Combivir Information For Patients

COMBIVIR is not a cure for HIV infection and patients may continue to experience illnesses associated with HIV infection, including opportunistic infections. Patients should be advised that the use of COMBIVIR has not been shown to reduce the risk of transmission of HIV to others through sexual contact or blood contamination. Patients should be advised of the importance of taking COMBIVIR exactly as it is prescribed.

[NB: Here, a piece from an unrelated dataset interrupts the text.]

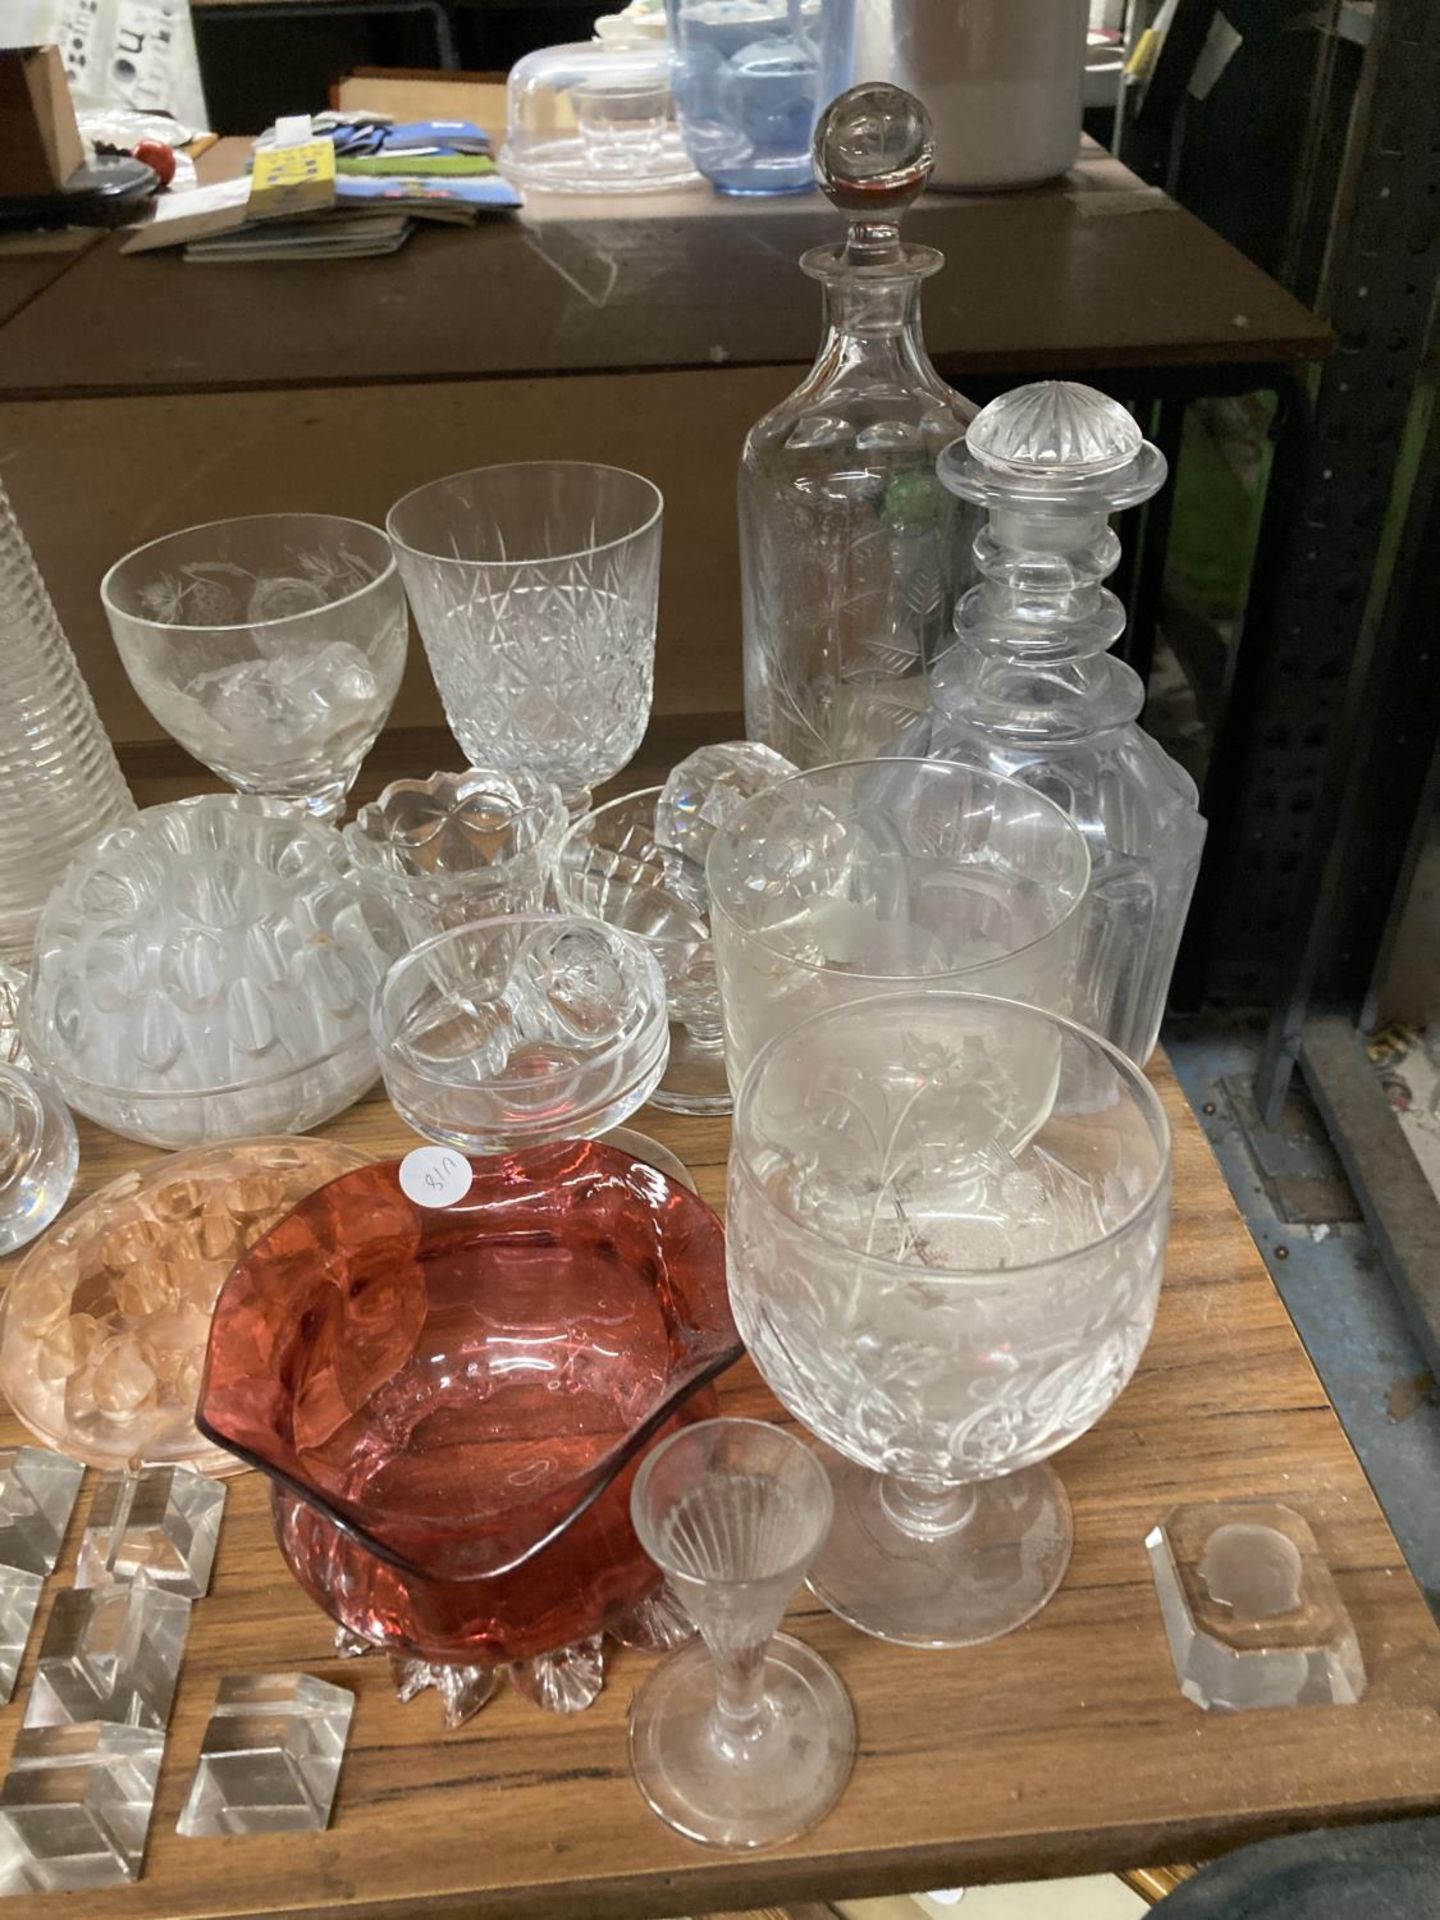 A LARGE QUANTITY OF GLASSWARE TO INCLUDE DECANTERS, NAMECARD HOLDERS, CRANBERRY FOOTED BOWL, - Image 2 of 3

Patients should be informed that redistribution or accumulation of body fat may occur in patients receiving antiretroviral therapy and that the cause and long-term health effects of these conditions are not known at this time.

Lamivudine

Patients co-infected with HIV and HBV should be informed that deterioration of liver disease has occurred in some cases when treatment with lamivudine was discontinued. Patients should be advised to discuss any changes in regimen with their physician.

Zidovudine

Patients should be informed that the important toxicities associated with zidovudine are neutropenia and/or anemia. They should be told of the extreme importance of having their blood counts followed closely while on therapy, especially for patients with advanced HIV disease.